== AIM OF THE EXERCISE ==
Which lines of the material contain the word "other"? Show each one.

== SOURCE MATERIAL ==
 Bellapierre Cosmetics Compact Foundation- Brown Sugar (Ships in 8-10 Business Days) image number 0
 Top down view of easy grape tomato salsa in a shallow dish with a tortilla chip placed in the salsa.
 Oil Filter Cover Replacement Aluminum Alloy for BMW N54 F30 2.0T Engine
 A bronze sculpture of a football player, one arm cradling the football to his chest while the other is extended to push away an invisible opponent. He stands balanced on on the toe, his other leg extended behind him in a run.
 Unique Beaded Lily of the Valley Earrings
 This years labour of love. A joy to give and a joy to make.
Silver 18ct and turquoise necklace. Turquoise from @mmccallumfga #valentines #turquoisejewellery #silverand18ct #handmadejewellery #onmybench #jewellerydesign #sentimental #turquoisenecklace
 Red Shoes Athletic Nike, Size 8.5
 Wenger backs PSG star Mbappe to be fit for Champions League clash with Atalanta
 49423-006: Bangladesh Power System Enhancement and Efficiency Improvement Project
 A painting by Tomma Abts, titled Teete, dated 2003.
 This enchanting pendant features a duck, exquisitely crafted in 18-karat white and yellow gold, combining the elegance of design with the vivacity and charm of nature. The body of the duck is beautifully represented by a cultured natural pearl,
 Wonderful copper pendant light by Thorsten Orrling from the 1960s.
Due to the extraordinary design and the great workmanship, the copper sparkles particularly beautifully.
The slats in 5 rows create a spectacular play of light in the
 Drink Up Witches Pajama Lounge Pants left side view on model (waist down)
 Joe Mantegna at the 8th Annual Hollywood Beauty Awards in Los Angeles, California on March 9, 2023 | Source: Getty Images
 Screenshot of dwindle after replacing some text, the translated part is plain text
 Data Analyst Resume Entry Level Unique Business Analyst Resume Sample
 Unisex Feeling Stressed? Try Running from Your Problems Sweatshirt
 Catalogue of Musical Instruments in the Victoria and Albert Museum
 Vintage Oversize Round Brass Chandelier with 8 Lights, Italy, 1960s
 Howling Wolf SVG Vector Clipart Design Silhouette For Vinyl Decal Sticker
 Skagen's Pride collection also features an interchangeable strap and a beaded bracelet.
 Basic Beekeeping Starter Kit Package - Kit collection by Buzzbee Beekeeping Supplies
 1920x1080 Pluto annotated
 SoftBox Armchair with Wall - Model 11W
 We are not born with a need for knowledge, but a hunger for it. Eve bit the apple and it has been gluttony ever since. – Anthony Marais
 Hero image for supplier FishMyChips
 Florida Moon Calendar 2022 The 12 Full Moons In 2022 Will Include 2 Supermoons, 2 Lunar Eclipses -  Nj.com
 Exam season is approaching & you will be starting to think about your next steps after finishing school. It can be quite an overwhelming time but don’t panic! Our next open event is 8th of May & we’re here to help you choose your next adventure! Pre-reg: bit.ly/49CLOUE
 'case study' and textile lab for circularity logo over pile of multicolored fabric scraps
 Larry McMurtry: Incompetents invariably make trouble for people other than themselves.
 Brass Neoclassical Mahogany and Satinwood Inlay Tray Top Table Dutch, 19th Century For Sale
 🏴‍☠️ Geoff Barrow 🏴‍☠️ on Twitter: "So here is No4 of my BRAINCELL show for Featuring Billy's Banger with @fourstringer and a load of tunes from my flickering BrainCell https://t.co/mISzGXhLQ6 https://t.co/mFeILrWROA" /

== THE COMPLETED TASK ==
 A bronze sculpture of a football player, one arm cradling the football to his chest while the other is extended to push away an invisible opponent. He stands balanced on on the toe, his other leg extended behind him in a run.
 Larry McMurtry: Incompetents invariably make trouble for people other than themselves.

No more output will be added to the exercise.